_Data_
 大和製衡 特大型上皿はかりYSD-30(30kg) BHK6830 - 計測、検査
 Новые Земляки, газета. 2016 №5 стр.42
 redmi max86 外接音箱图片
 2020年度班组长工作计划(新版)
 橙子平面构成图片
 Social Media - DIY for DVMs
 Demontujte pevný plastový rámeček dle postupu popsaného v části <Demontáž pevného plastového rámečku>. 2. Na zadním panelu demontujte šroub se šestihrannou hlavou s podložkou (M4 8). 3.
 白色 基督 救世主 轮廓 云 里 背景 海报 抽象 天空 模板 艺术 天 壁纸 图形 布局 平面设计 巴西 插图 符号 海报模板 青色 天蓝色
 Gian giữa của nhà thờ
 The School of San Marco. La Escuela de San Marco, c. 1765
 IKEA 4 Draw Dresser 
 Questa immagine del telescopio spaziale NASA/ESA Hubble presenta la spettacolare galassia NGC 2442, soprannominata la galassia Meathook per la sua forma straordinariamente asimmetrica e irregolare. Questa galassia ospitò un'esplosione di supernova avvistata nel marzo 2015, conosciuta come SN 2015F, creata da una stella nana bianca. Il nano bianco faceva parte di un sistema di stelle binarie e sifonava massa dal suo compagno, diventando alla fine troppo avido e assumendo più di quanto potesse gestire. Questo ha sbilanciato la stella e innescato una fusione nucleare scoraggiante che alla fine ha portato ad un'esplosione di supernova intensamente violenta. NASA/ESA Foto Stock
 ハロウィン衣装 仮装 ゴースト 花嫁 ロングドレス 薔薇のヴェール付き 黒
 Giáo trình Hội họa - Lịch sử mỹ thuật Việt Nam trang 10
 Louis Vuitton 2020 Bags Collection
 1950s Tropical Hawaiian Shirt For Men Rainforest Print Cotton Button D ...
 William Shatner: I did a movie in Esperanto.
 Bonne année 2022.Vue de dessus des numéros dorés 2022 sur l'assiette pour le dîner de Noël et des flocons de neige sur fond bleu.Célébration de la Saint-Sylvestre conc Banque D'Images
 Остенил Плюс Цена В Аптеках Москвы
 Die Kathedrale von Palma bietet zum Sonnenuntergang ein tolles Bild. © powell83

_Work order_
Would you copy, word for word, only the lines from the start of the listing to the one that contains "Gian giữa của nhà thờ", both included?

_Result_
 大和製衡 特大型上皿はかりYSD-30(30kg) BHK6830 - 計測、検査
 Новые Земляки, газета. 2016 №5 стр.42
 redmi max86 外接音箱图片
 2020年度班组长工作计划(新版)
 橙子平面构成图片
 Social Media - DIY for DVMs
 Demontujte pevný plastový rámeček dle postupu popsaného v části <Demontáž pevného plastového rámečku>. 2. Na zadním panelu demontujte šroub se šestihrannou hlavou s podložkou (M4 8). 3.
 白色 基督 救世主 轮廓 云 里 背景 海报 抽象 天空 模板 艺术 天 壁纸 图形 布局 平面设计 巴西 插图 符号 海报模板 青色 天蓝色
 Gian giữa của nhà thờ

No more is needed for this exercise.